| Data shown |

Start of Block

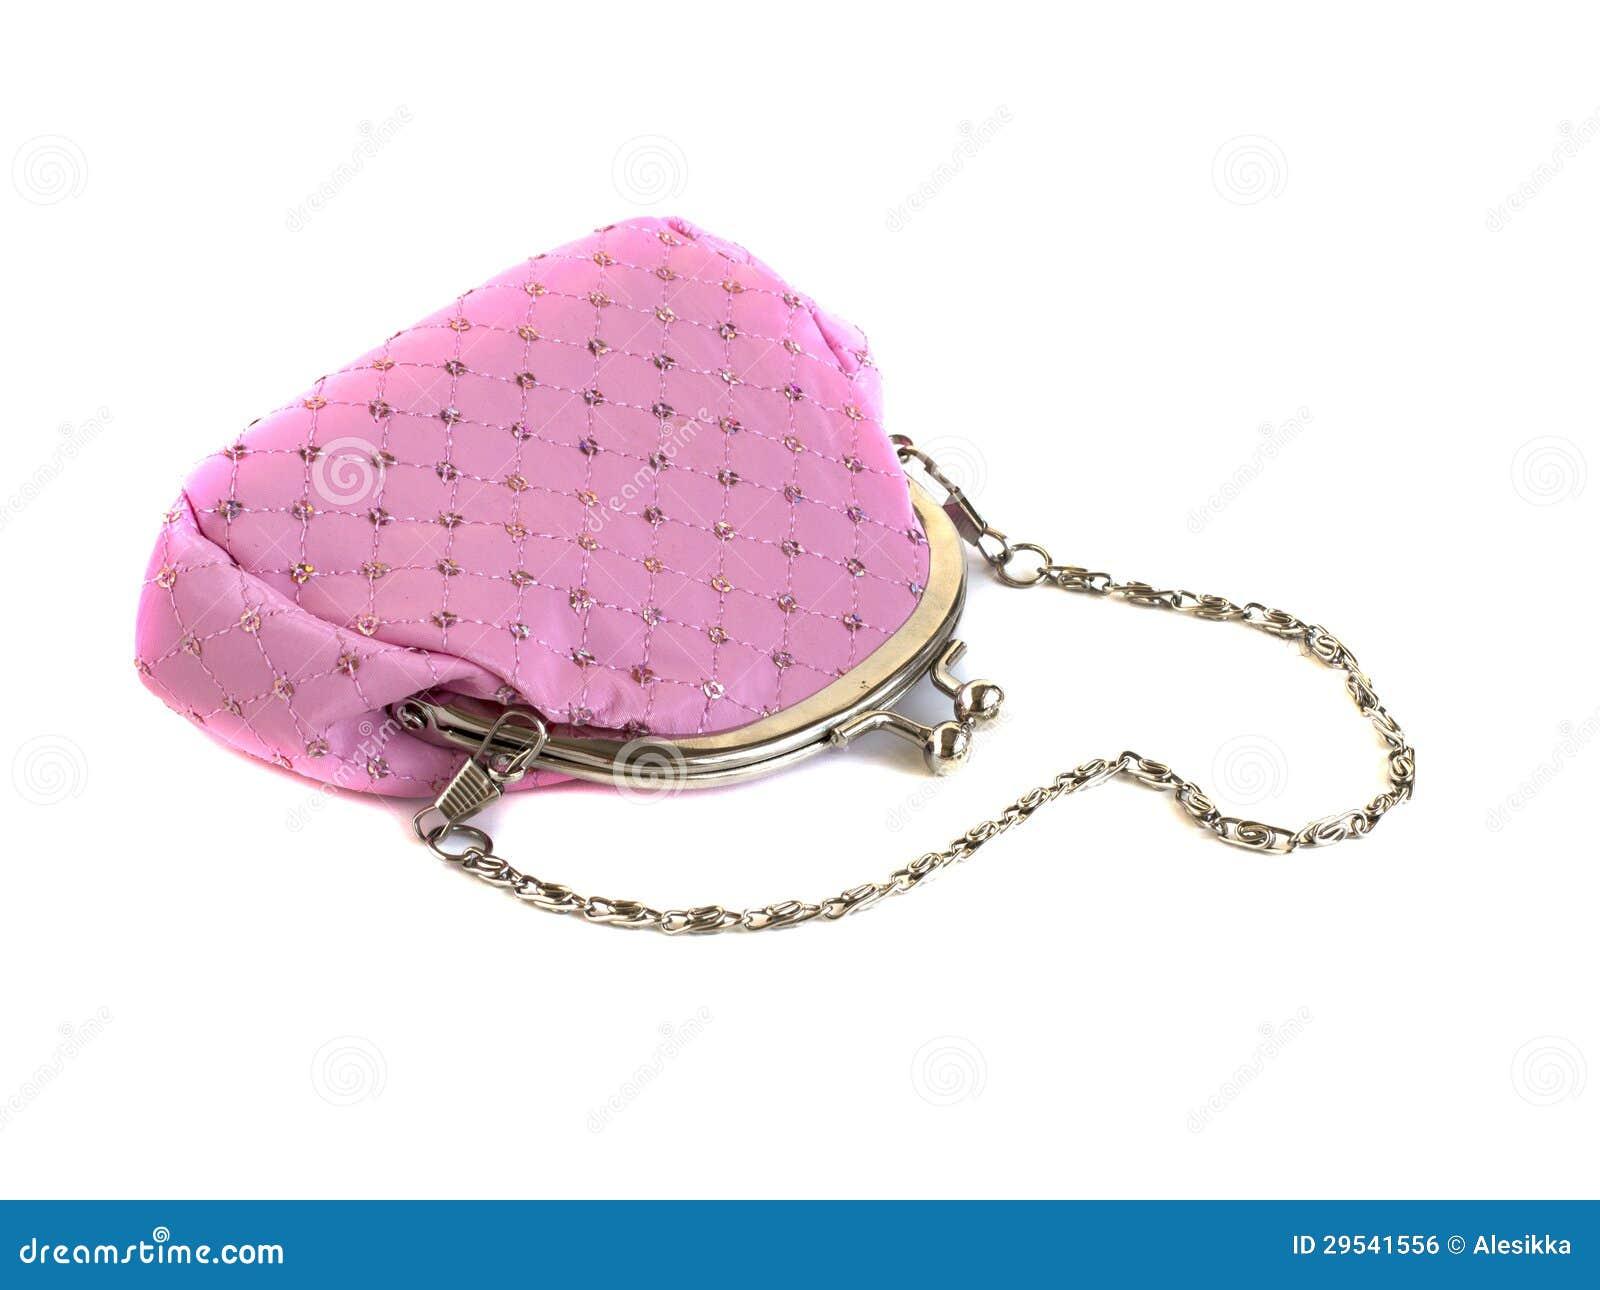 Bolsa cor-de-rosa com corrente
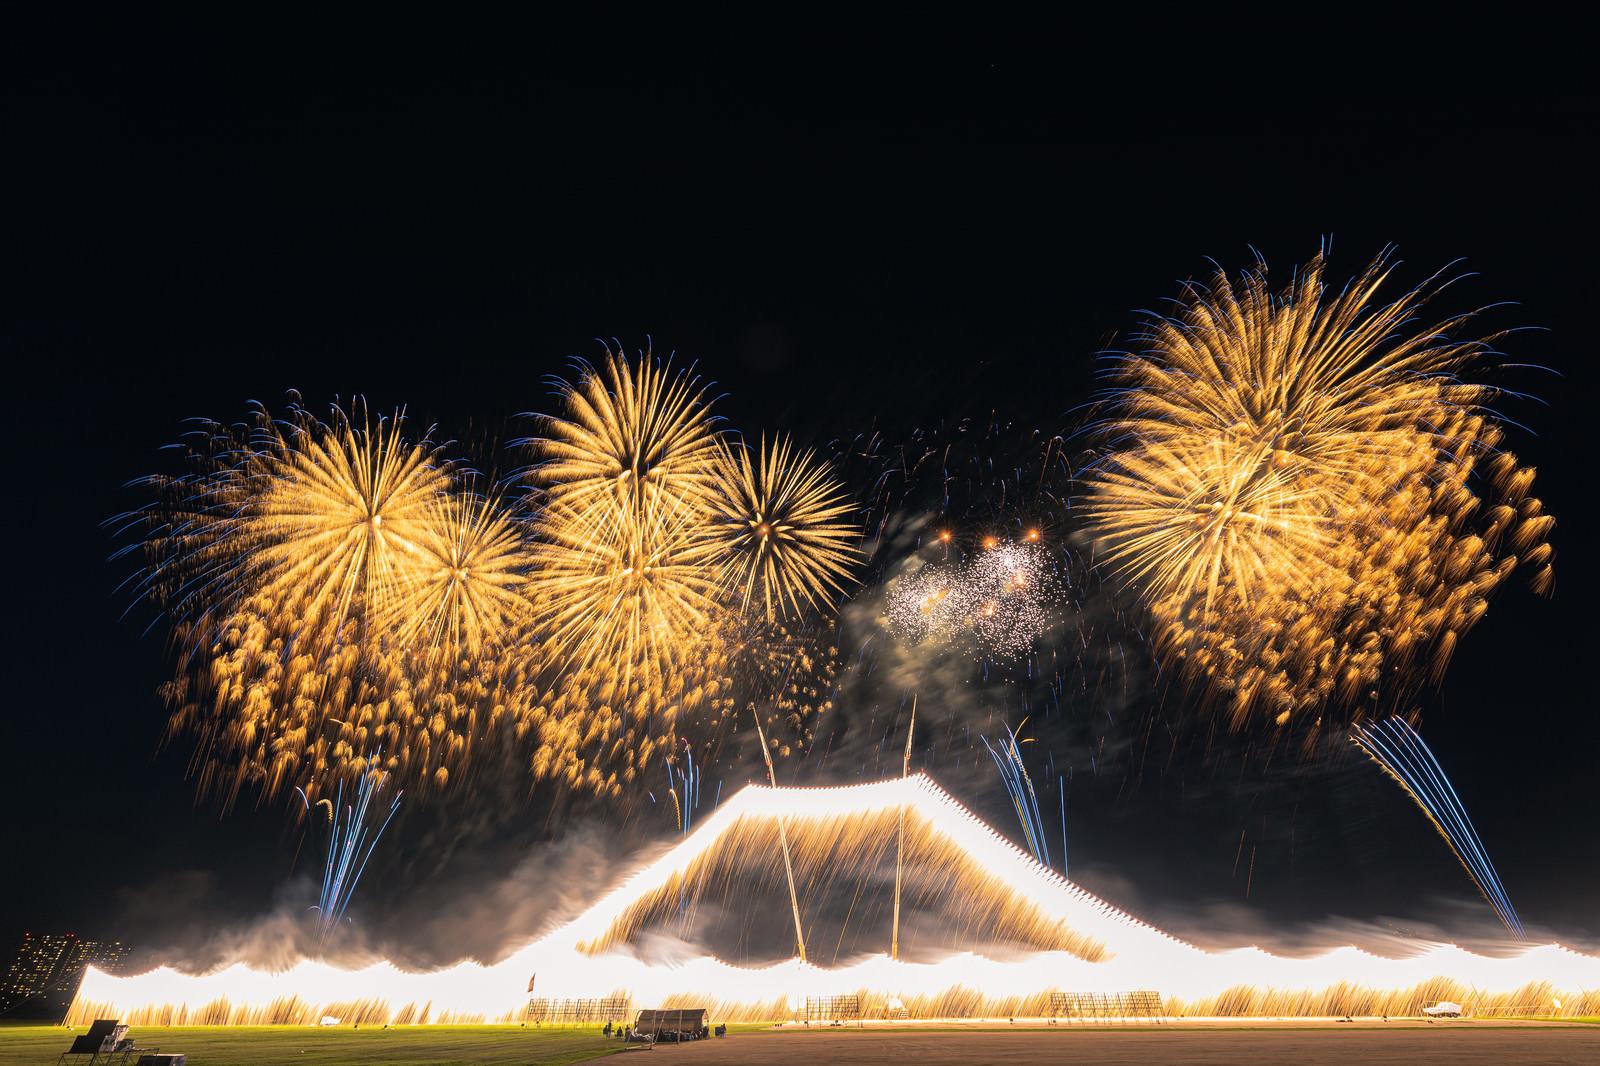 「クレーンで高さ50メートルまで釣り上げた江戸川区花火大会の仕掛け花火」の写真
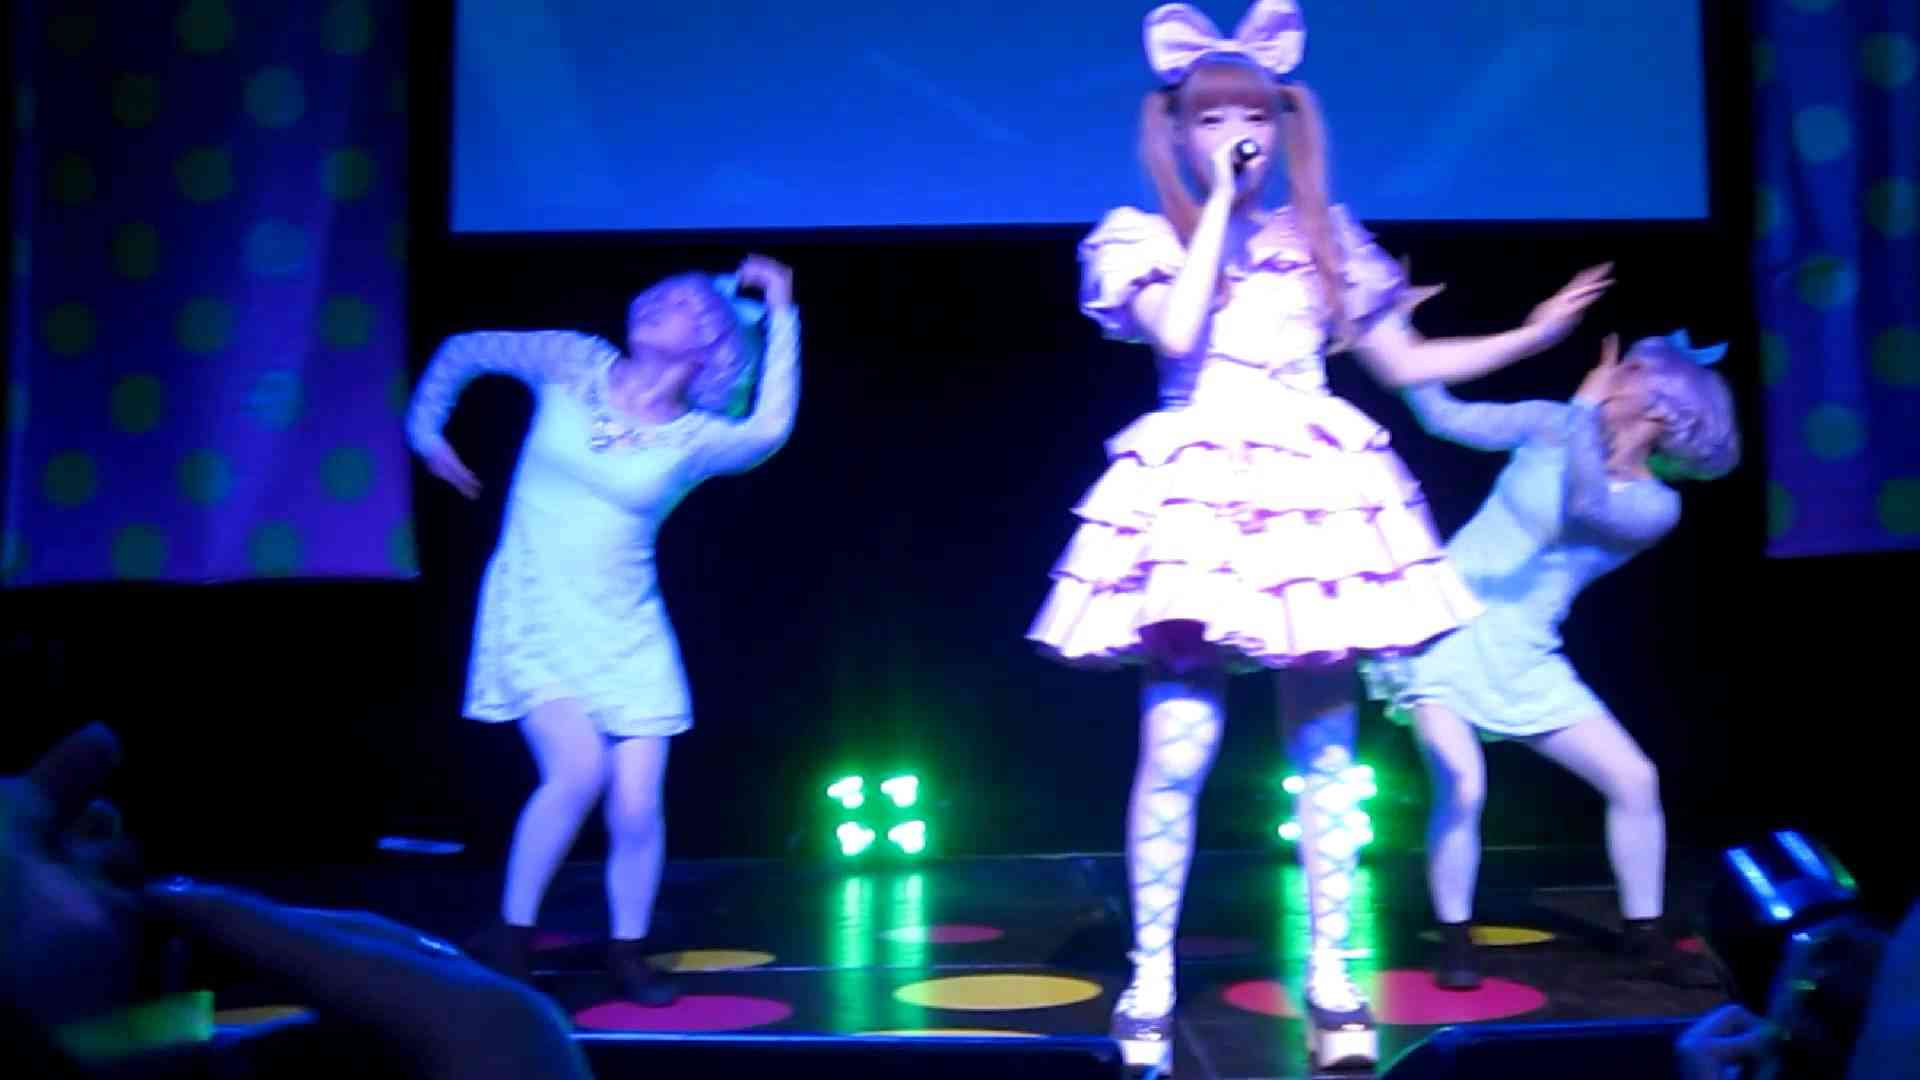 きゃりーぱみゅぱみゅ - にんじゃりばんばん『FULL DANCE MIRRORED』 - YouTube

End of Block

| Work order |
Output all of the data word for word, excluding any pictures.

| Answer to this problem |
 Bolsa cor-de-rosa com corrente
 「クレーンで高さ50メートルまで釣り上げた江戸川区花火大会の仕掛け花火」の写真
 きゃりーぱみゅぱみゅ - にんじゃりばんばん『FULL DANCE MIRRORED』 - YouTube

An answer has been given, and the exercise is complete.